__Data for analysis__.

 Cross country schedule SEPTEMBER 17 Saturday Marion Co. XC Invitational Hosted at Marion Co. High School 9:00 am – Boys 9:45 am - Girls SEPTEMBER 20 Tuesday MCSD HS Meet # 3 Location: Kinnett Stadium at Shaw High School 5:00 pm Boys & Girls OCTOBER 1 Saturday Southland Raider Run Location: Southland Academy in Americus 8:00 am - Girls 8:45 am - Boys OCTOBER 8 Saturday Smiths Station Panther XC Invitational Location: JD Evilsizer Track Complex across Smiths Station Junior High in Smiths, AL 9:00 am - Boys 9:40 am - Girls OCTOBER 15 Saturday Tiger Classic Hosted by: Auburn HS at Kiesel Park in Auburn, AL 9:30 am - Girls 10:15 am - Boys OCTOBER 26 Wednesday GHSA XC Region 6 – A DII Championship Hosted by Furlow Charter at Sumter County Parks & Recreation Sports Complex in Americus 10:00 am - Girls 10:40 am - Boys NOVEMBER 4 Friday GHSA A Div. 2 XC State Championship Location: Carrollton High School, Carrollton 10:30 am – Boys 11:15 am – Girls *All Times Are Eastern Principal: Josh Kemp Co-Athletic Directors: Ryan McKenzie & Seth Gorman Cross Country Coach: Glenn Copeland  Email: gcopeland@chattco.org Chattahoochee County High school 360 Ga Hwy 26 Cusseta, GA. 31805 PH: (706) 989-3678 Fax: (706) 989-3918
---
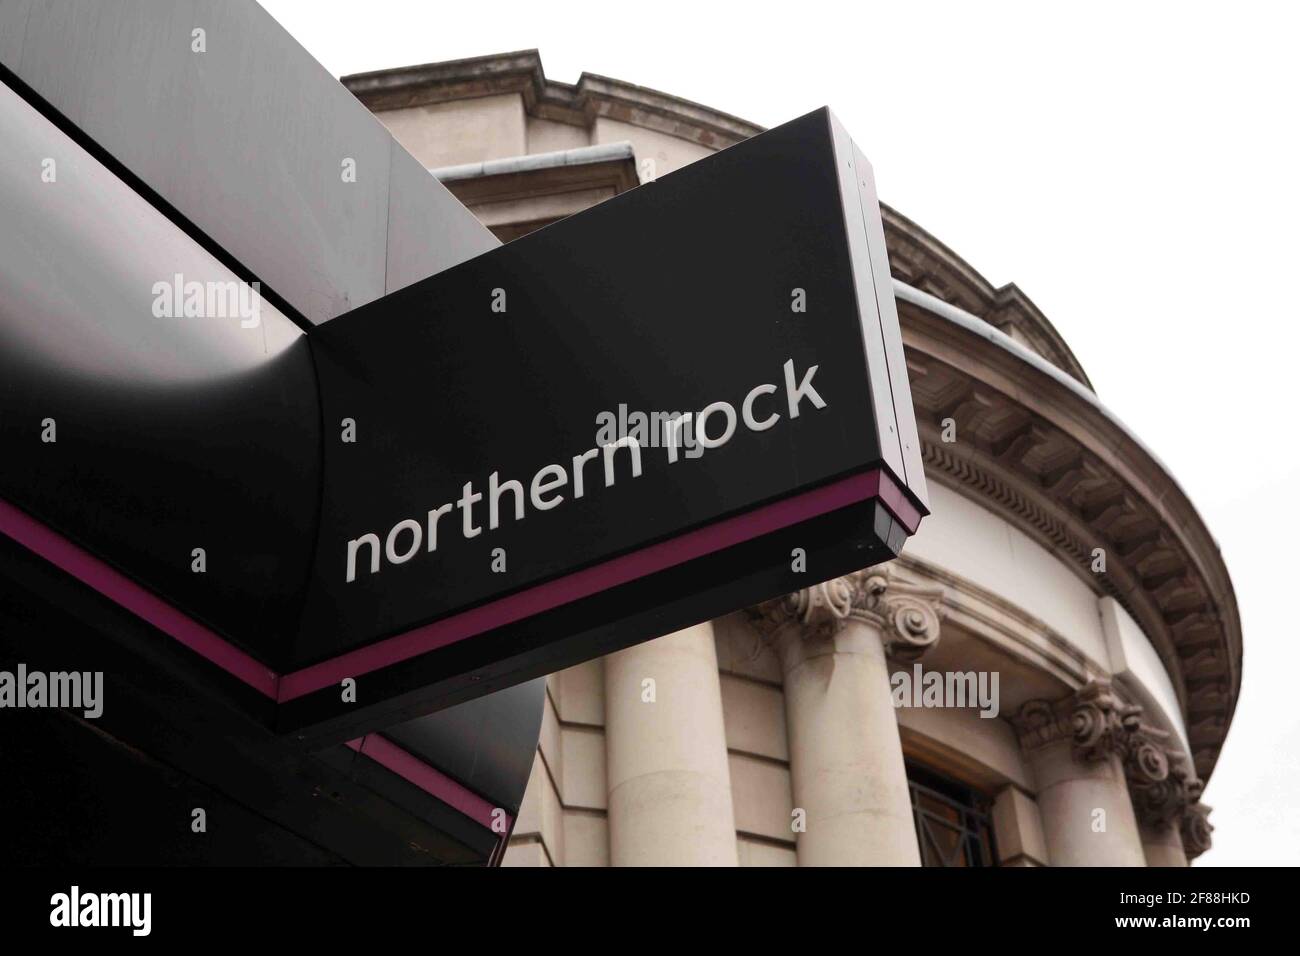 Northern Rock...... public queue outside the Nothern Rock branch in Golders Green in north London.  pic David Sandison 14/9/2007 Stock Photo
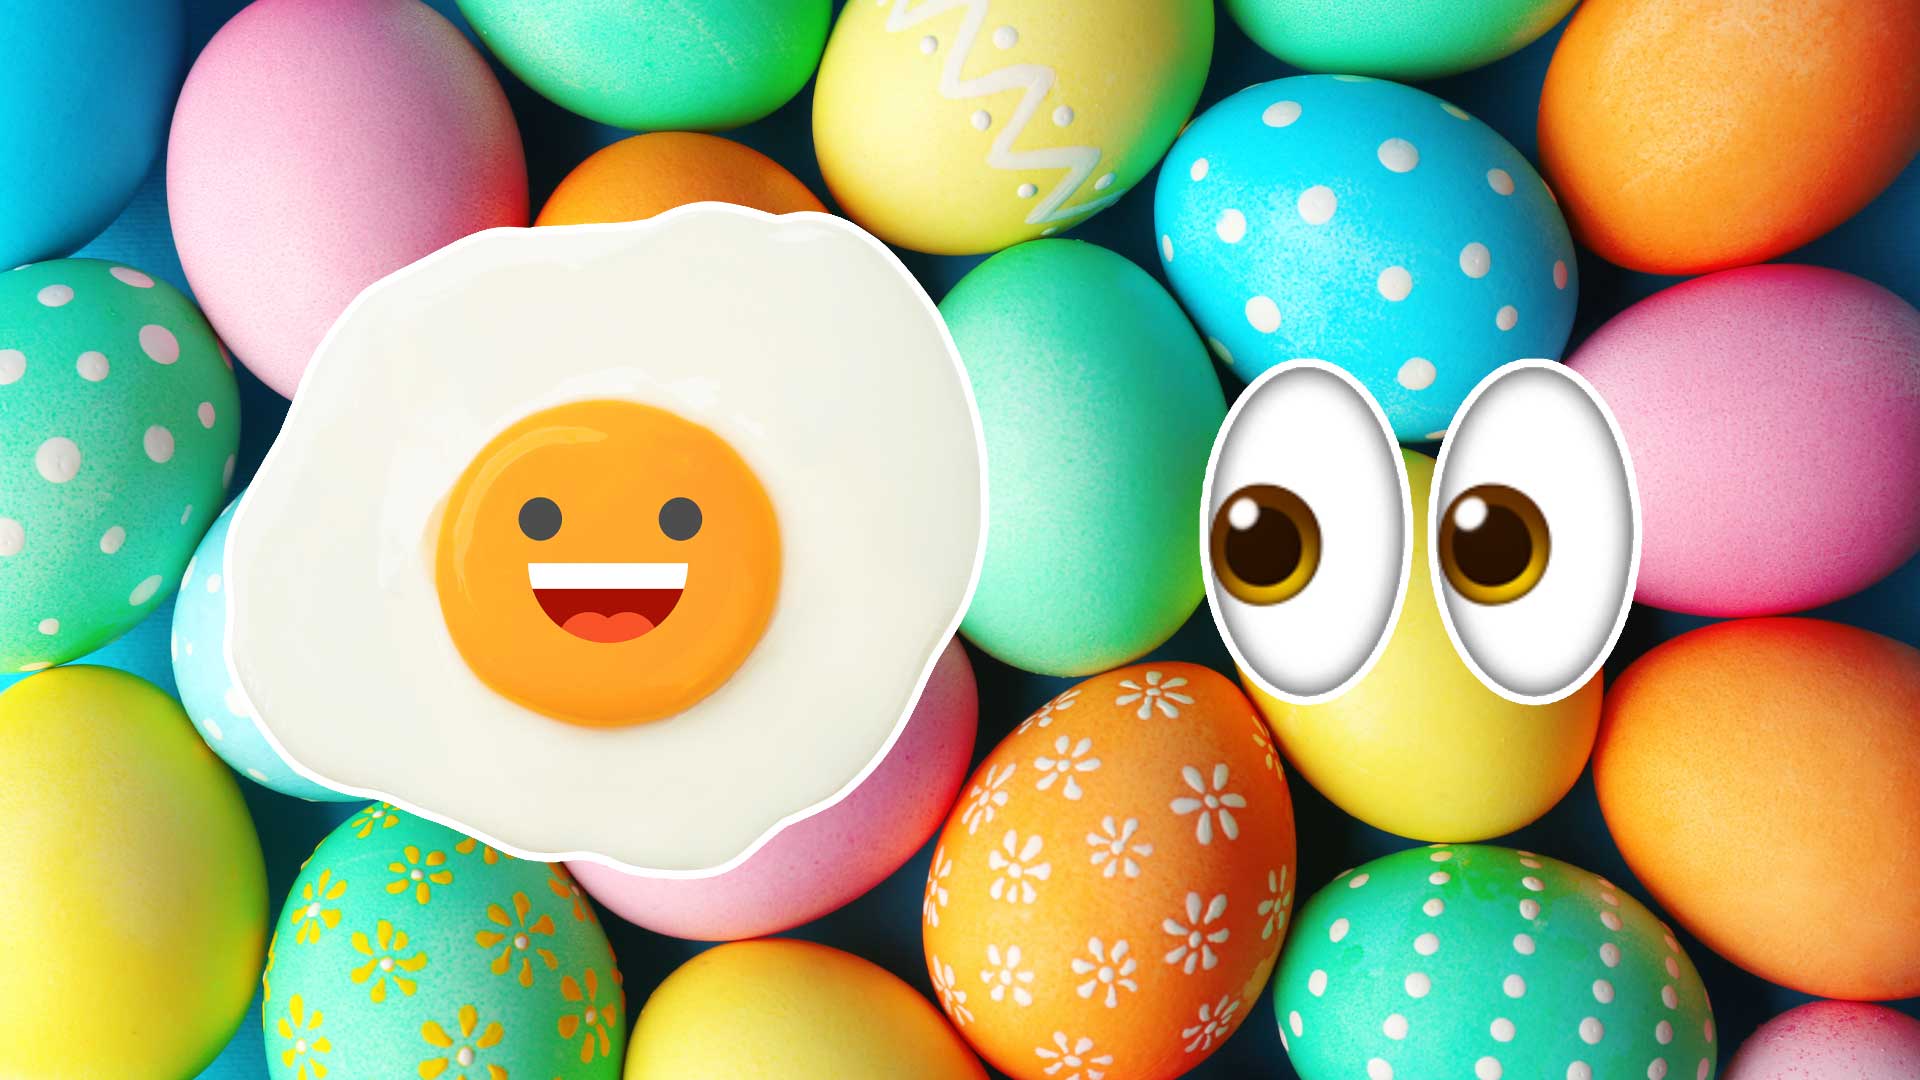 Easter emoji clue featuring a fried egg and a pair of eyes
...
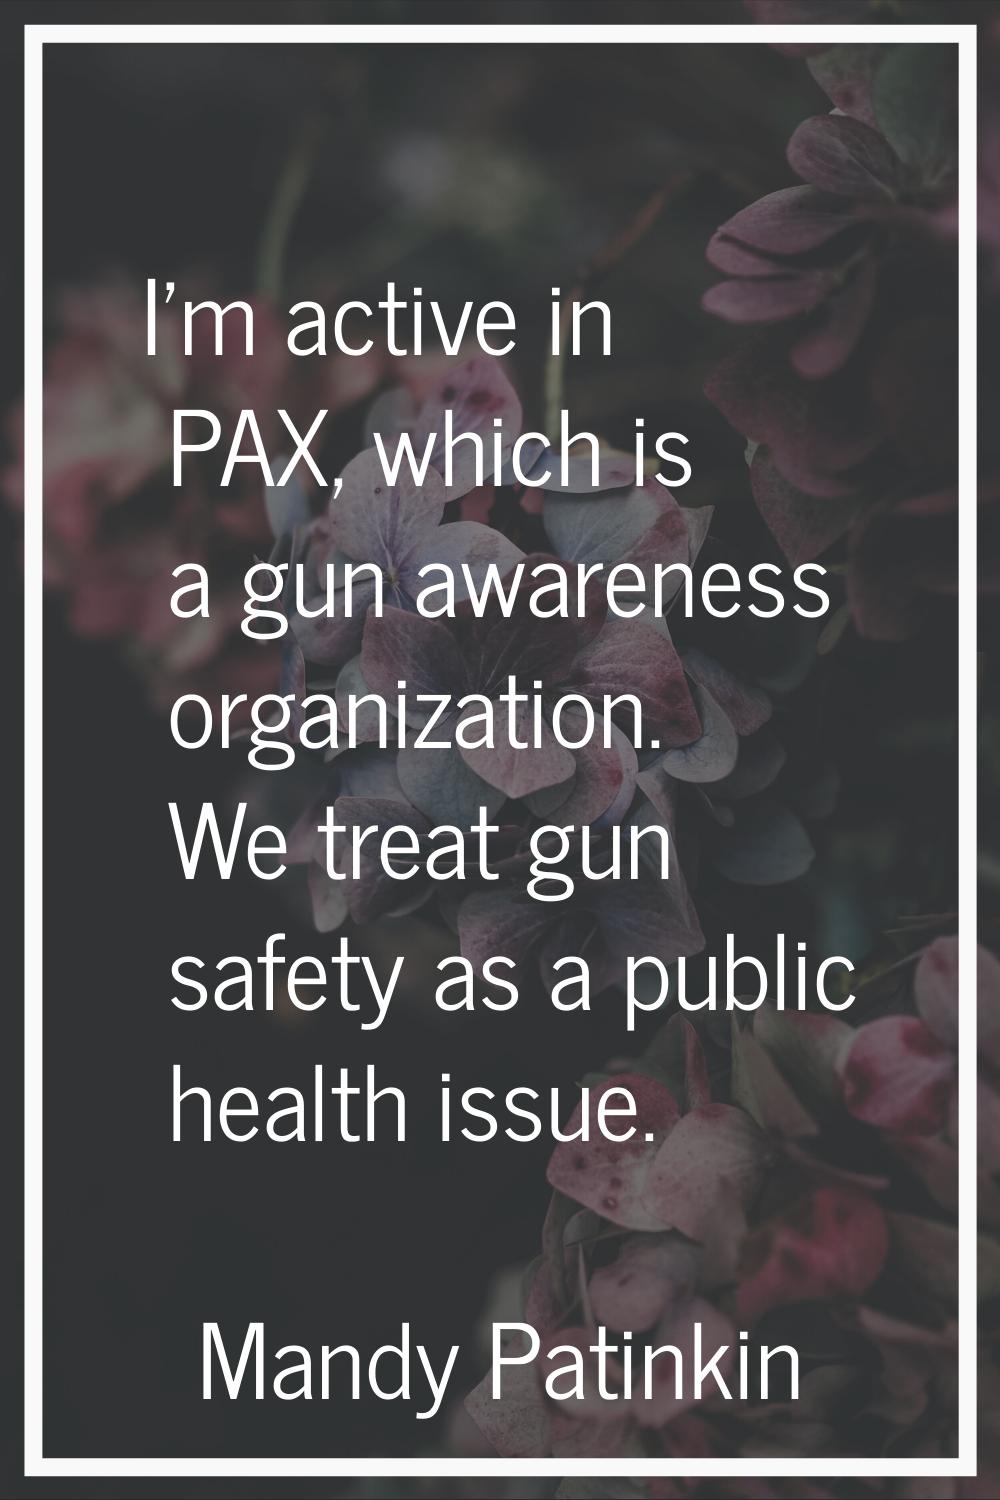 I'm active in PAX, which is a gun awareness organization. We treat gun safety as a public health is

__Your goal__. Print, exactly and with no pictures, the lines of the listing above starting at the one that has "Northern Rock...... public" and ending at the one that has "Easter emoji clue", both included.

__Exercise output__.
 Northern Rock...... public queue outside the Nothern Rock branch in Golders Green in north London.  pic David Sandison 14/9/2007 Stock Photo
 Easter emoji clue featuring a fried egg and a pair of eyes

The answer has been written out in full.